Here’s the top, completed
Now, till I figure out how to go about bending the guitar sides without a bending iron, I’ll get started on the neck!
Thanks for reading, and as always your comments / suggestions are welcome
Now let’s get to the exciting bit! Here’s the timber for the back and sides – Indian Rosewood. (pic)
The final back has an arch in it + The braces are flat = One confused Sardar luthier.
A lot of sanding takes care of this problem, and then the braces are ready to be glued onto the back. The back and braces are clamped onto the body mold, so to help ensure the arch in the back, and then glued. Yes, I know this looks like a weird, colorful, metal spider, but somewhere in there is the back and the braces!
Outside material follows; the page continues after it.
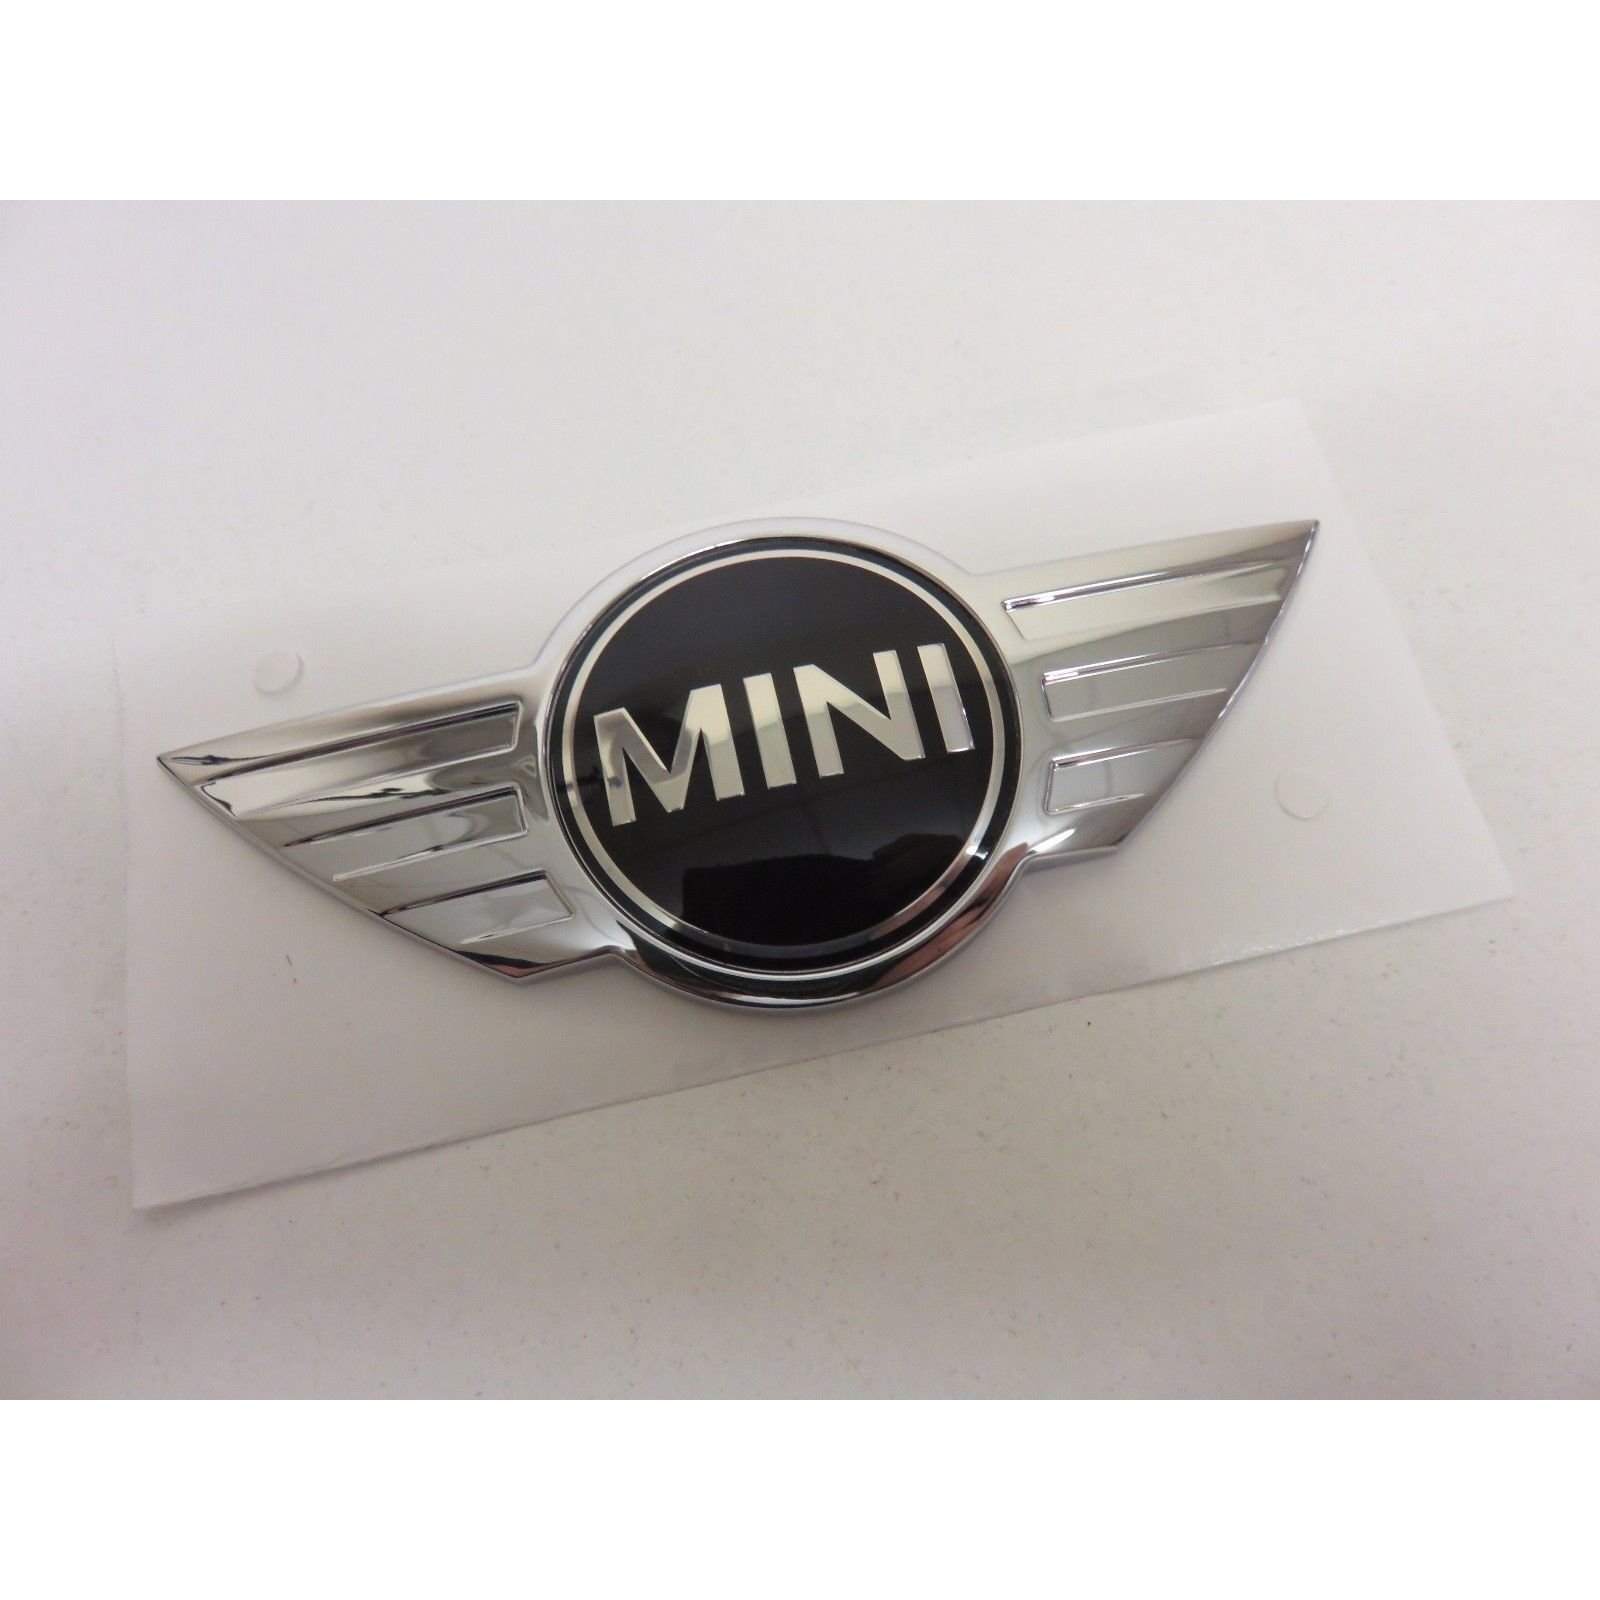 MINI R56 R57 R55 New Genuine Bonnet Badge Emblem Cooper 51142754972 2754972 NEW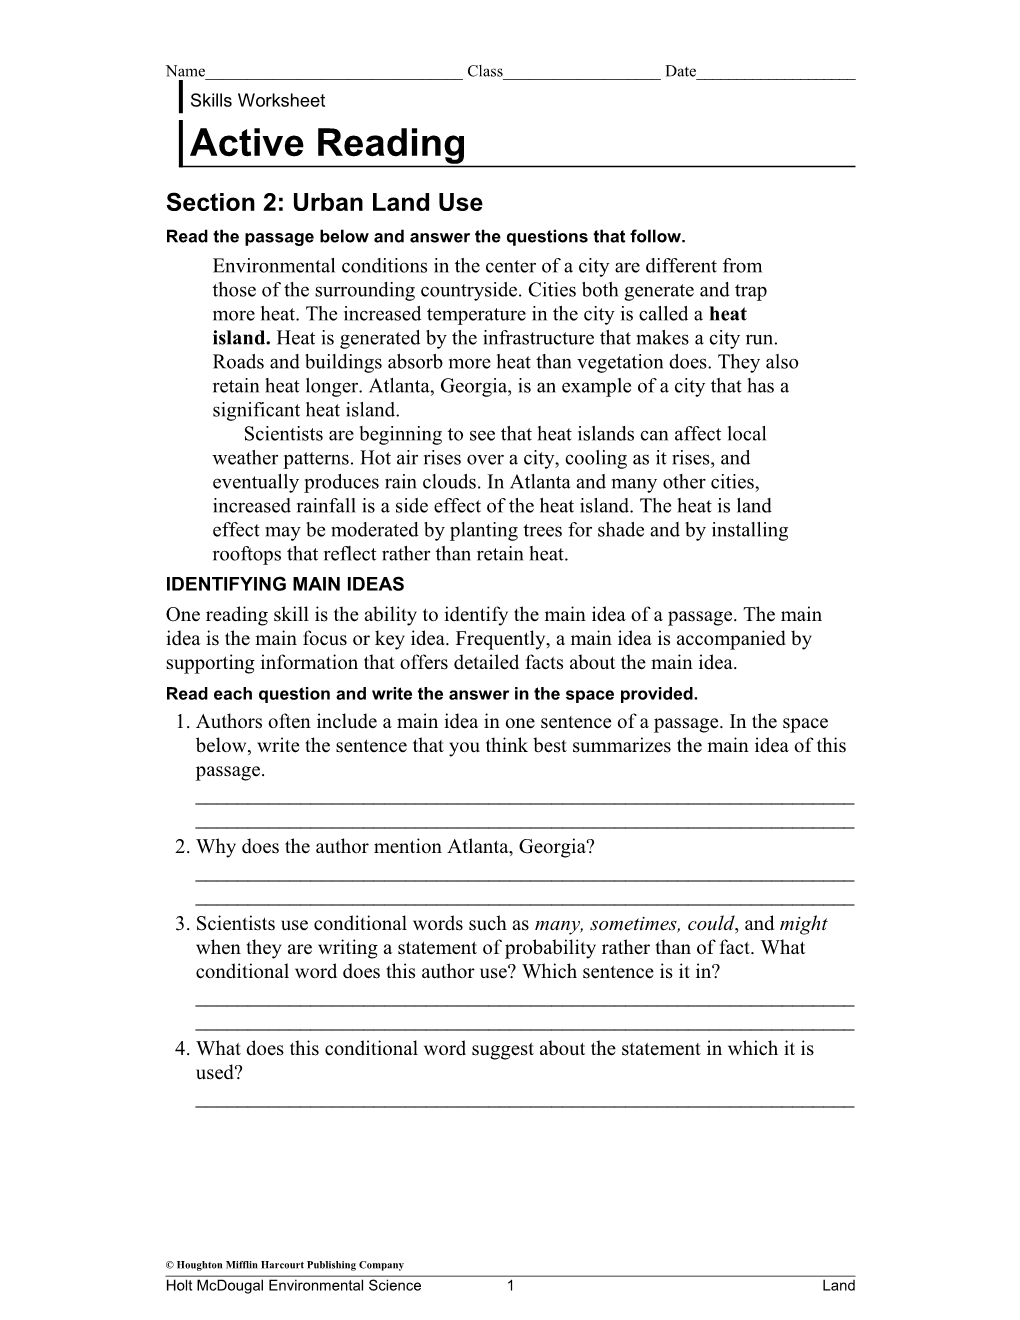 Section 2: Urban Land Use

Once the braces are done, they are hand planed into interesting pointy shapes for various technical reasons, and then sanded to a smooth finish. Here’s what they look at once that bit is done. The white strips are regular masking tape, to protect the back from getting scratched while planing and sanding out the shapes. I’m already getting excited about what the final piece will look like!
woohooooo
For now, the back is done! Over to the next step!